Al Jazeera's Kristen Saloomey, reporting from the UN in New York, said that while the majority of the assembly's member nations were expected to vote in favour of the resolution, the US vote on Tuesday, although non-binding, was likely to dampen its impact.

"Remember - the key recommendation of Goldstone is to get a credible investigation into the alleged war crimes that the Goldstone commission found evidence of in Gaza, and the UN Security Council is the only body that can move forward and demand an investigation," she said.

"The general assembly just does not have that power.
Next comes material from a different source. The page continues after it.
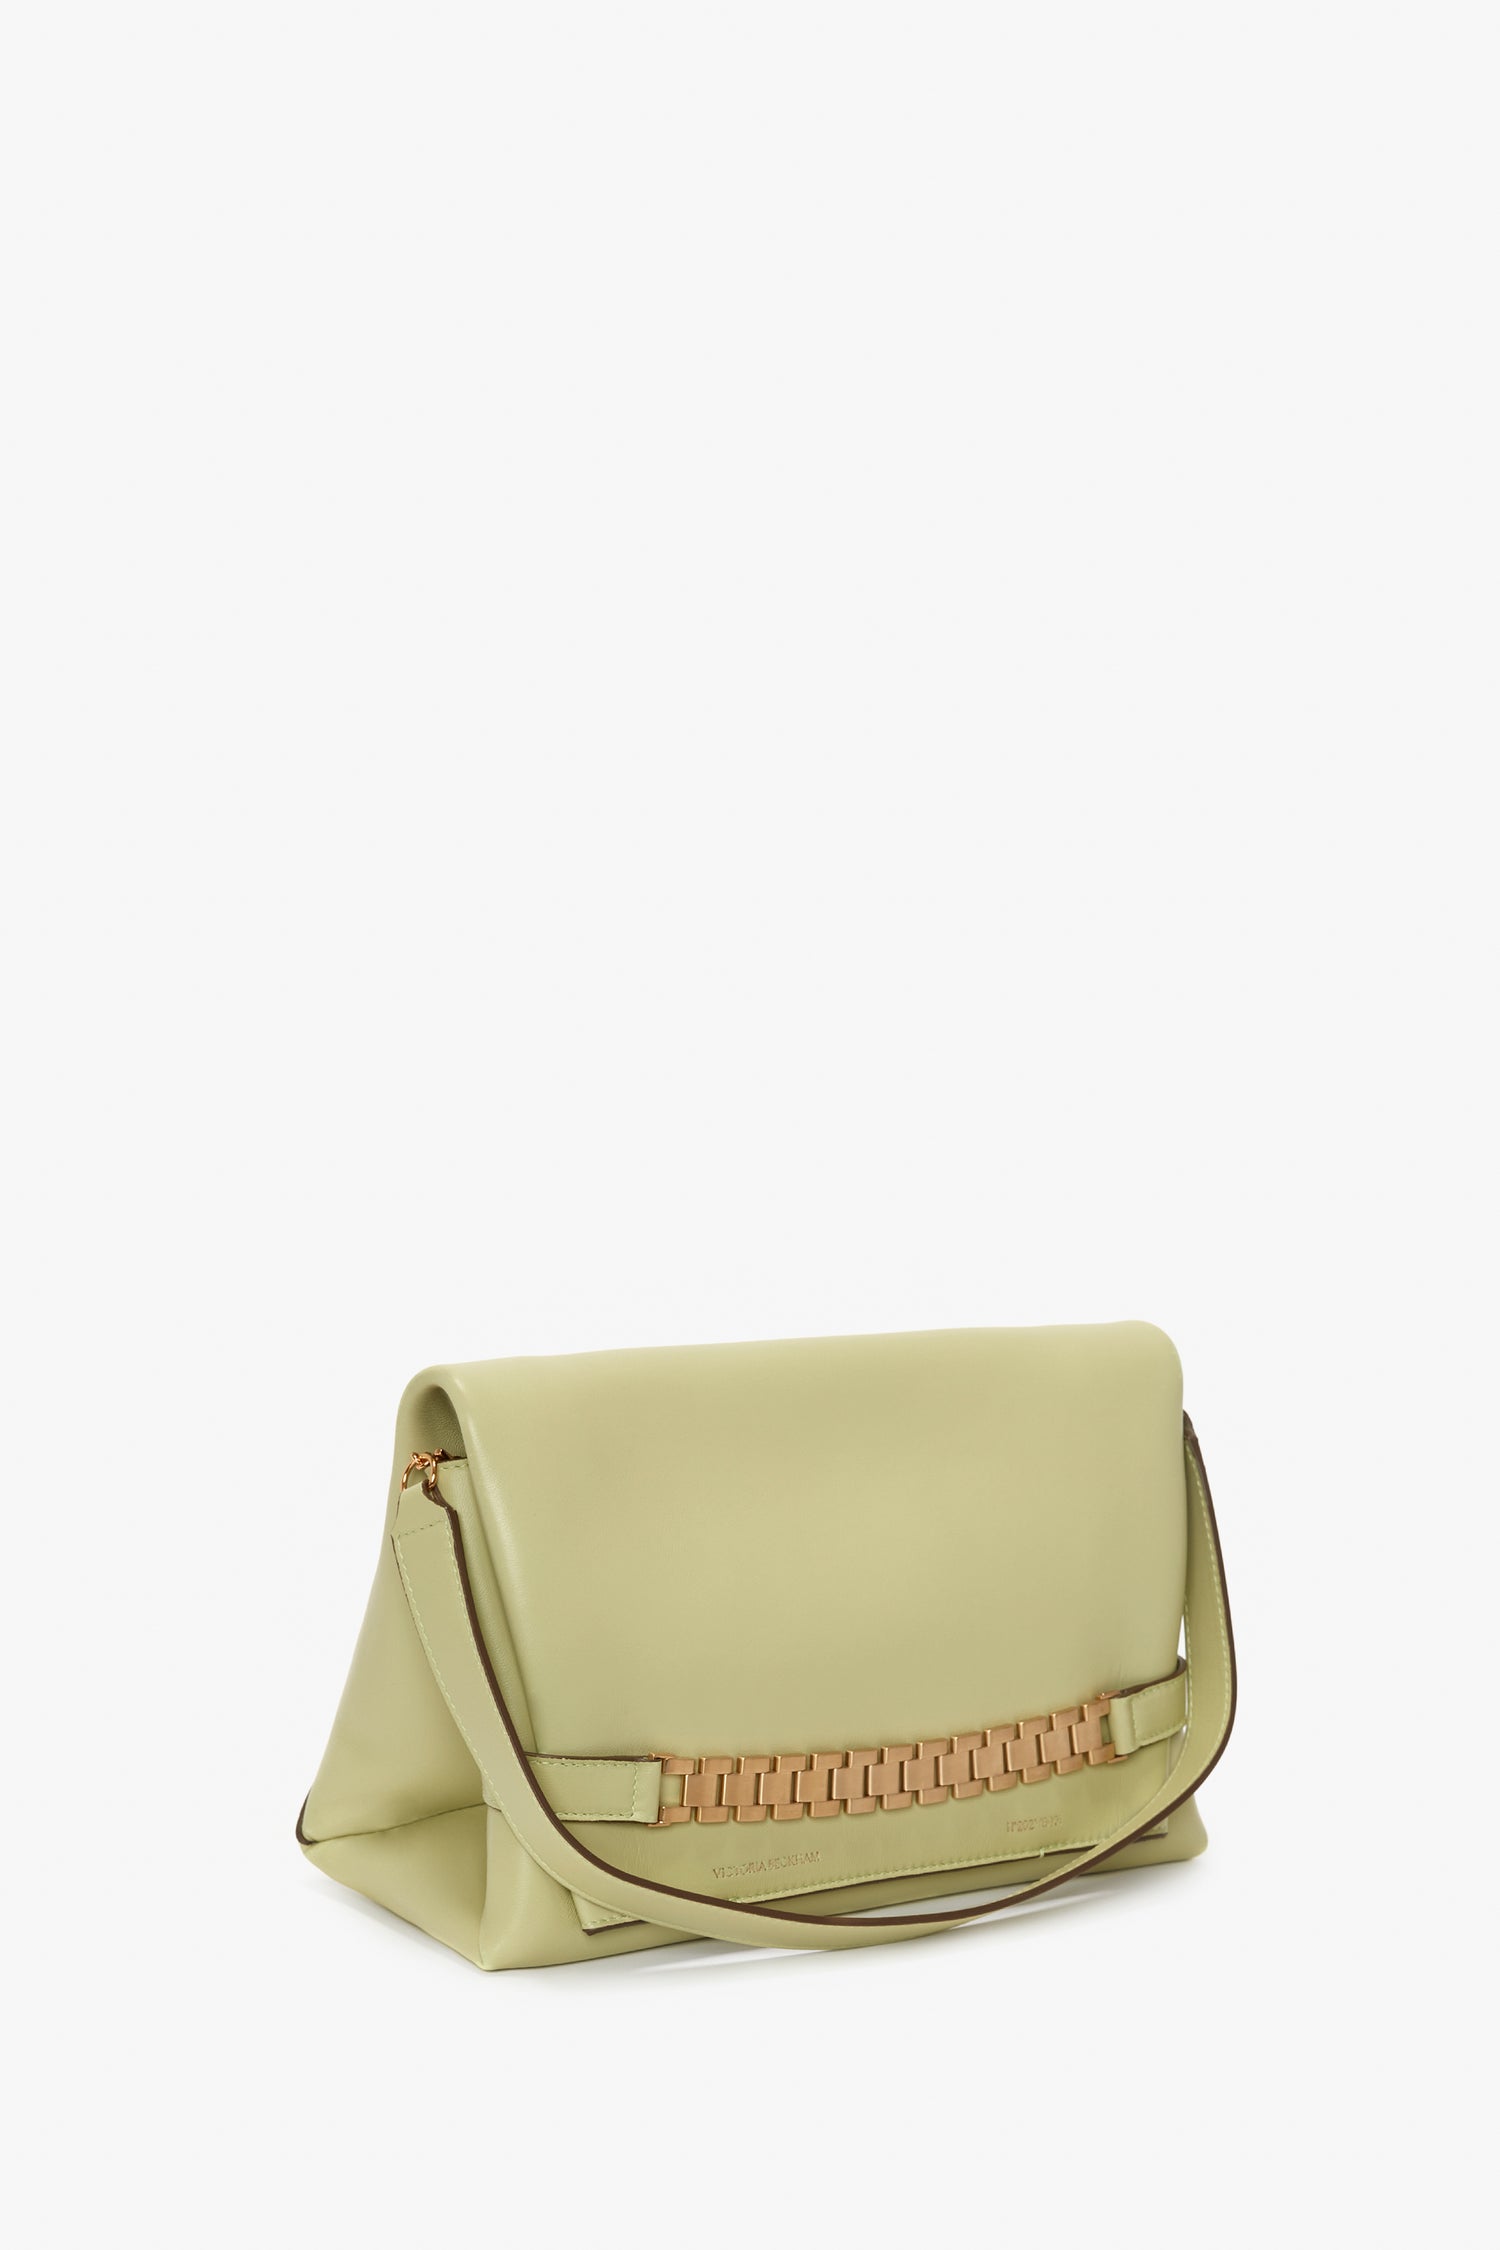 Light green Victoria Beckham leather shoulder bag with a fold-over flap and a gold chain detail, displayed against a white background.
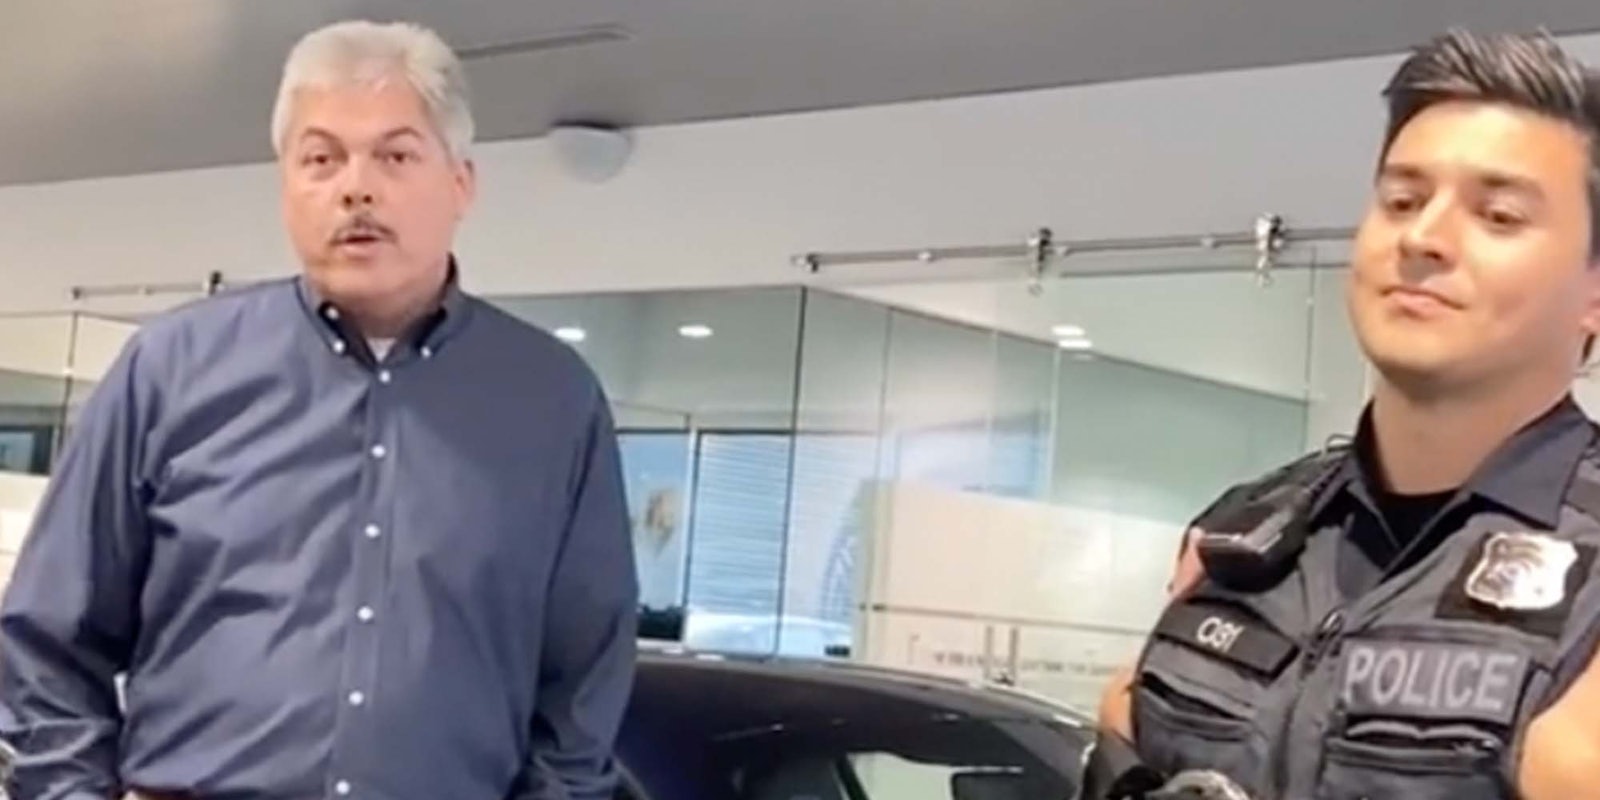 ‘Trying to buy a Porsche while Black’: TikToker says dealership workers discriminated against him

Of course, on the security council, the United States is a veto-wielding member and, as the congressional vote underscores, the US is not going to be interested in moving forward in the security council to call for an investigation by the International Criminal Court (ICC), or anyone else for that matter."

Hillary Clinton, the US secretary of state, has previously criticised the report, calling its recommendations "unprecedented for any country, not just Israel".

The United Nations Human Rights Council, which sponsored the Goldstone commission, has already voted to endorse the report.

Bias claims

Steven Rothman, a Democratic congressman from New Jersey, told Al Jazeera that the report was biased against Israel, even after the Goldstone commission's mandate was expanded so that it could investigate war crimes alleged to have been committed by Hamas.

"The report was not written to talk about 12,000 rockets intentionally sent by Hamas to slaughter Israeli men, women and children, versus the Israelis trying in many respects to minimise the damage to Palestinian civilians," he told Al Jazeera.
"So there have been completely different standards applied."
But when asked if he had read the Goldstone report in full, Rothman said he had read only the report's executive summary.

"I did not read the 400 or 500 pages, but I read the executive summary designed for members of congress and other world leaders to read, and I found it terribly, terribly biased and one-sided," he said.

Keith Ellison, a Democrat congressman for Minnesota, criticised his colleagues for rushing to judgement on the issue.

"I urge members to oppose this resolution because it will undermine President Obama's belief that all countries, including our own, should be held accountable for their own actions," he said during the debate.

Goldstone clarifications

Goldstone last week sent a letter to the US House of Representatives saying that the text of the US resolution had "factual inaccuracies and instances where information and statements are taken grossly out of context".

He offered several rejections and clarifications of the ideas expressed in the resolution.

In response to Goldstone's criticism, three parts of the resolution were amended on Tuesday to clarify that Goldstone had sought an expansion to the commission's mandate so that his team could investigate claims that Hamas had violated international law during the Gaza war.

The Goldstone report, which accused Israel of using "disproportionate force" and of deliberately targeting civilians, called for independent investigations to be held into Israel's and Hamas's conduct during the war.

The report called for the cases to be referred to the ICC in The Hague if Israel and Hamas do not investigate the war crimes allegations against them within six months.

Hamas has agreed to hold such an investigation, but Israel has not.